A Yellowstone injunction bond allows a tenant to remain in their apartment pending an eviction procedure by the landlord. These bonds guarantee the landlord a court determined penalty usually equal to the bond amount. If the proceedings later determine the landlord had proper cause to evict the tenant, the landlord collects the bond penalty. Thus, Yellowstone injunctions are a type of forfeiture bond, which means in the event of a claim the surety and principal award the full bond penalty to the landlord.

For a tenant to obtain a Yellowstone injunction, he or she must prove the following:

  1. The tenant holds a commercial lease
  2. The landlord has requested the tenant to leave
  3. The tenant has gone to court to ask for a stay of the eviction
  4. The tenant can and wants to remedy the situation as an alternative to eviction

From the surety’s perspective, these bonds raise many red flags. First, an eviction proceeding against a tenant usually indicates a deteriorating relationship between the landlord and tenant. Second, tenants renting property usually do not own homes nor have significant investments to collateralize the bond.  Sureties may want full or partial collateral for these bonds because the stark outcome depends on unpredictable litigation. As with most court bonds, underwriters cannot evaluate a principal on the merits of his or her case. They must plan for the worst case scenario and so underwriters always look at the principal’s financials first and foremost.

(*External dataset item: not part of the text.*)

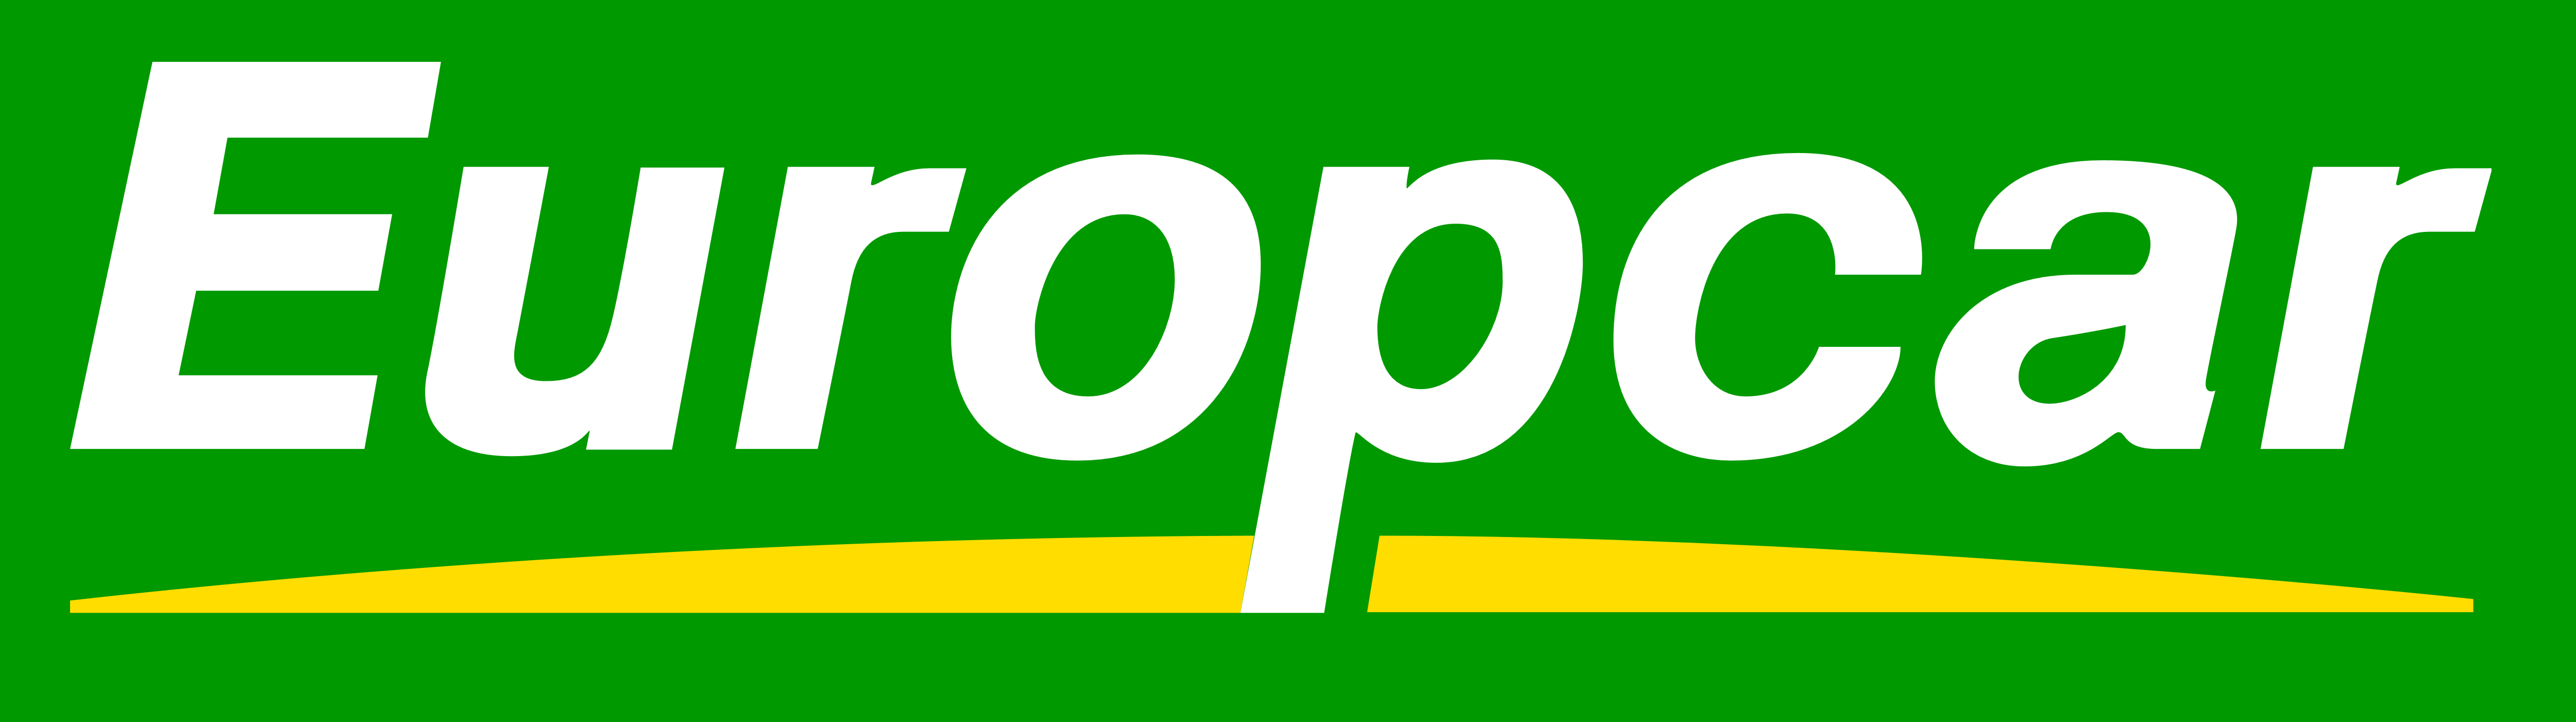 Europcar Logo - Europcar – Logos Download

Both businesses and individuals may need a Yellowstone injunction bond if they find their landlord wants to evict them from their space. Businesses may have an easier time obtaining these bonds than individuals because they tend to have more revenue and sources of indemnity. For example, an underwriter may approve a bond for a business if the business itself and the owners or shareholders agree to indemnify the surety for any loss sustained due to the bond.

In cases involving Yellowstone Injunctions in New York Supreme Court, the tenant usually is the Plaintiff. After the judge grants the Yellowstone injunction, a Plaintiff tenant should understand they may need to pay any rents due, interest accrued, or other expenses as a result of the injunction. The judge usually takes this into account when he or she sets the bond penalty in the court proceeding.